1. Word2Vec: Tool for computing continuous distributed representations of words.
Projet website:
https://code.google.com/p/word2vec/
Introduction:
This tool provides an efficient implementation of the continuous bag-of-words and skip-gram architectures for computing vector representations of words. These representations can be subsequently used in many natural language processing applications and for further research.
Related Paper:
[1] Tomas Mikolov, Kai Chen, Greg Corrado, and Jeffrey Dean. Efficient Estimation of Word Representations in Vector Space. In Proceedings of Workshop at ICLR, 2013.
[2] Tomas Mikolov, Ilya Sutskever, Kai Chen, Greg Corrado, and Jeffrey Dean. Distributed Representations of Words and Phrases and their Compositionality.
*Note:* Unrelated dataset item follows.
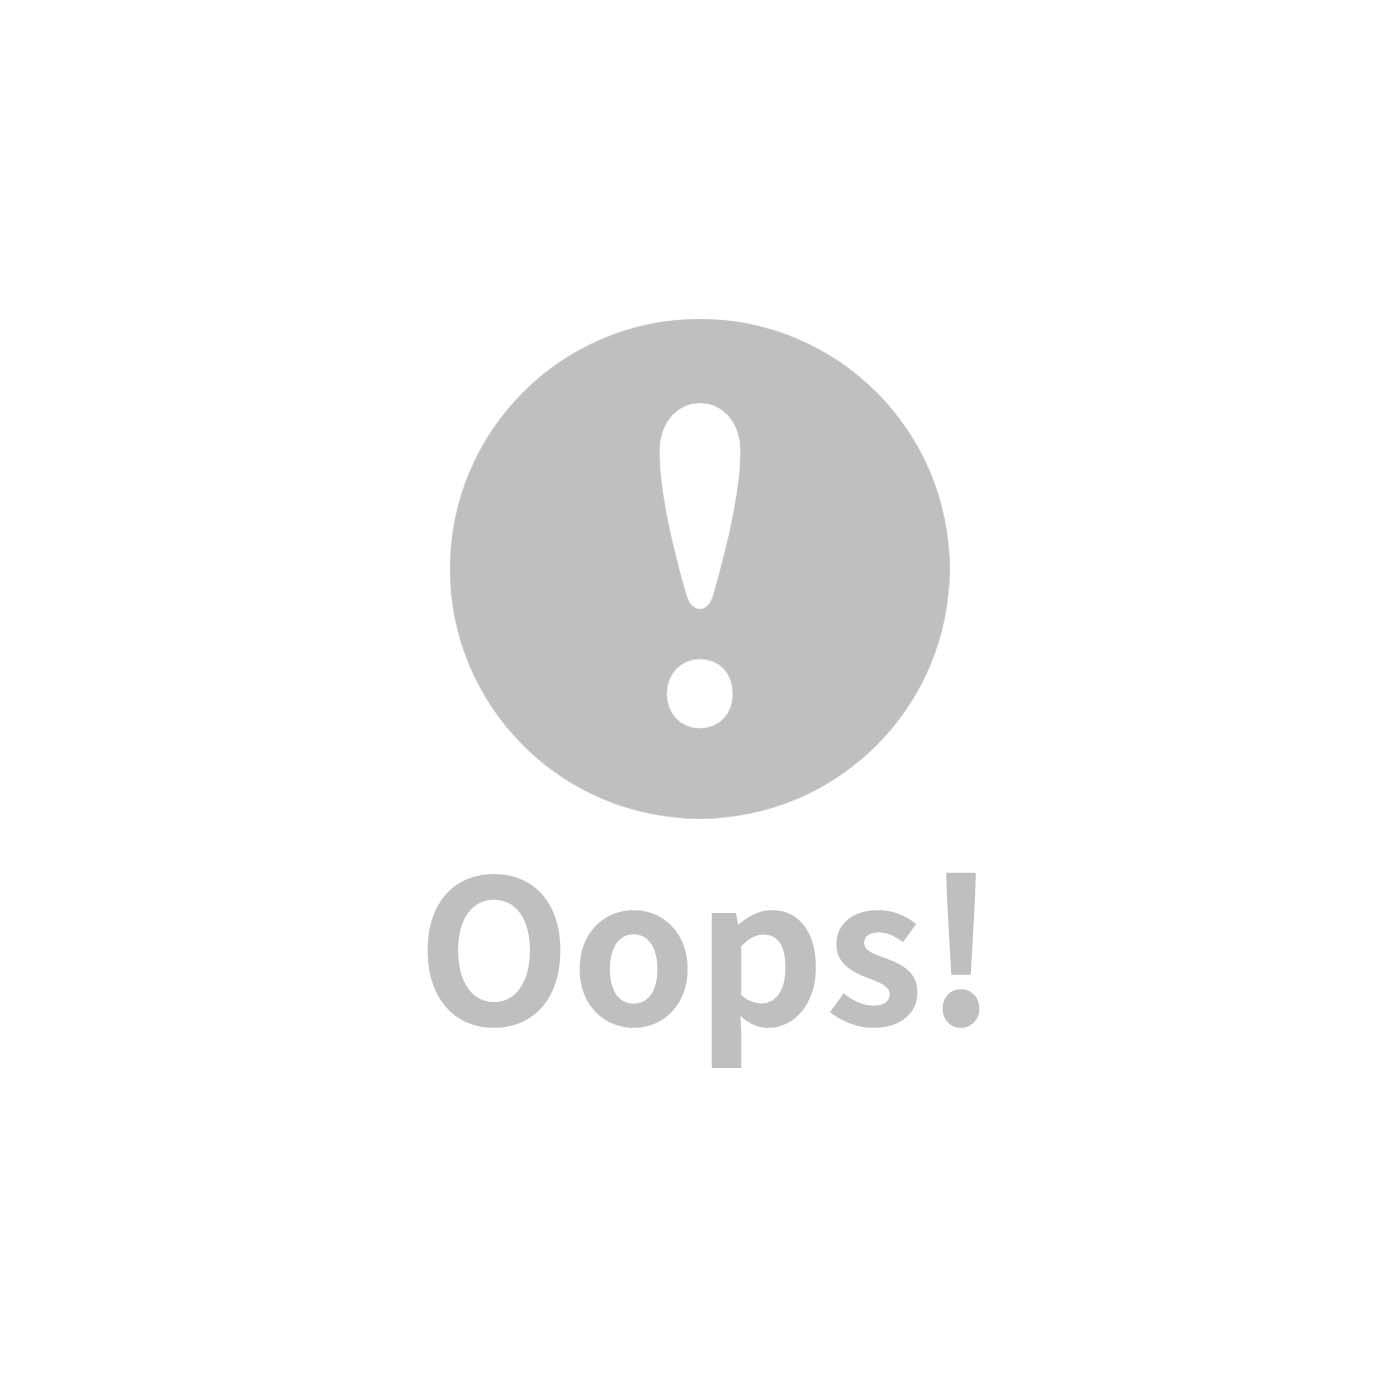 【彌月禮盒】La Millou 天使枕+豆豆小豬枕(多款可選)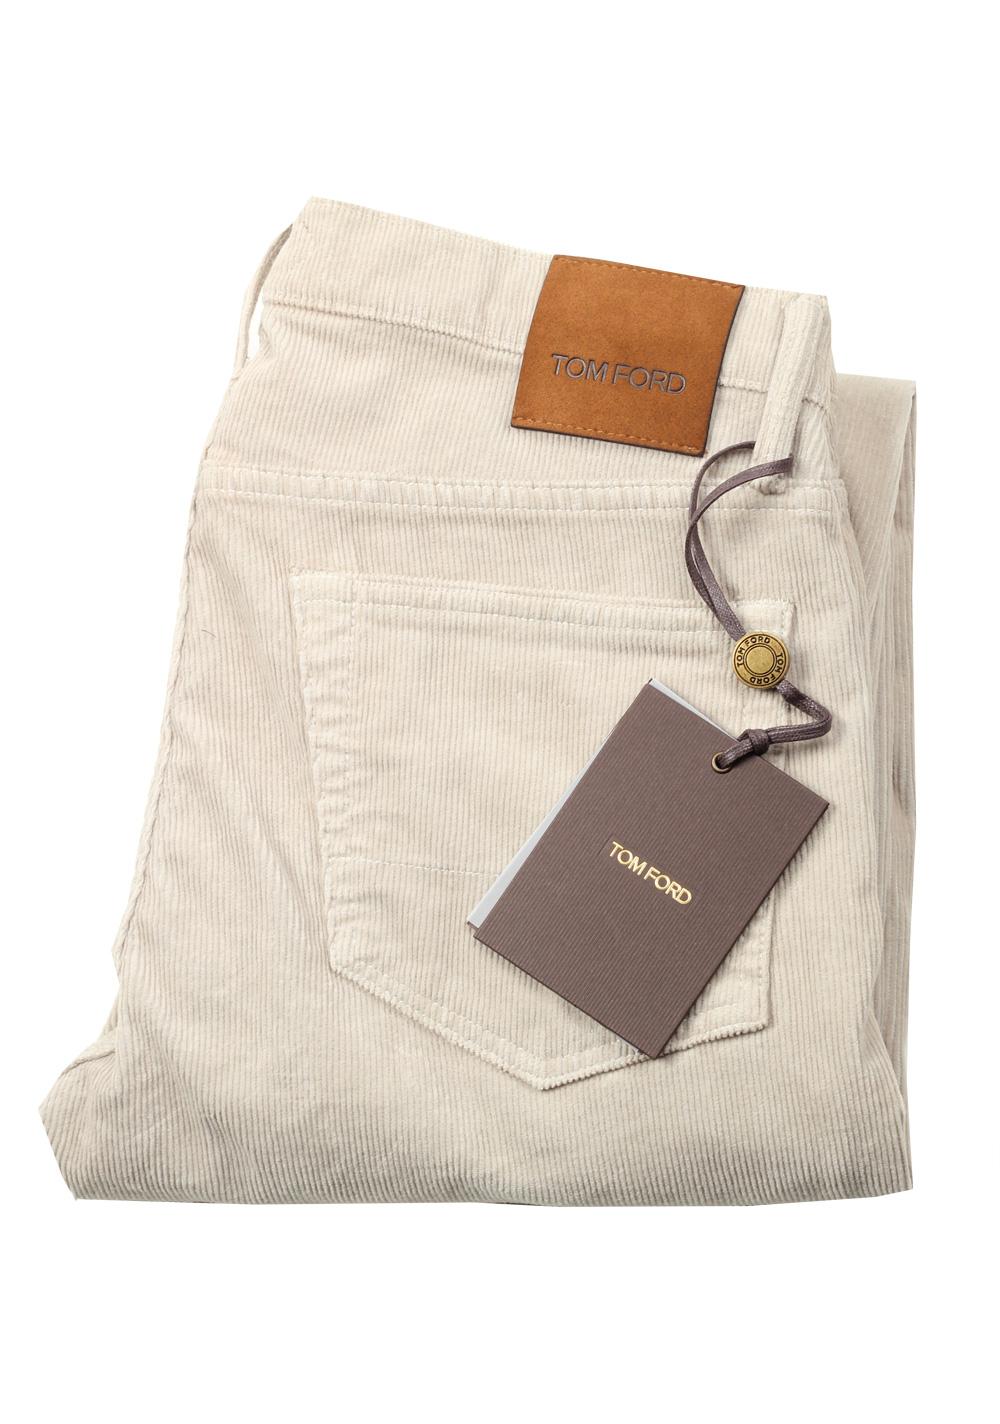 TOM FORD Slim Beige Jeans TFD001 Size 54 / 38 U.S.   Costume Limité

In Proceedings of NIPS, 2013.
[3] Tomas Mikolov, Wen-tau Yih, and Geoffrey Zweig. Linguistic Regularities in Continuous Space Word Representations. In Proceedings of NAACL HLT, 2013.
Quick start
In My Linux Ubuntu 14.04 VPS:
svn checkout http://word2vec.googlecode.com/svn/trunk/
cd trunk/
make
Run the demo scripts: ./demo-word.sh
make: Nothing to be done for `all'.
--2015-02-06 16:10:37-- http://mattmahoney.net/dc/text8.zip
Resolving mattmahoney.net (mattmahoney.net)... 98.139.135.198
Connecting to mattmahoney.net (mattmahoney.net)|98.139.135.198|:80... connected.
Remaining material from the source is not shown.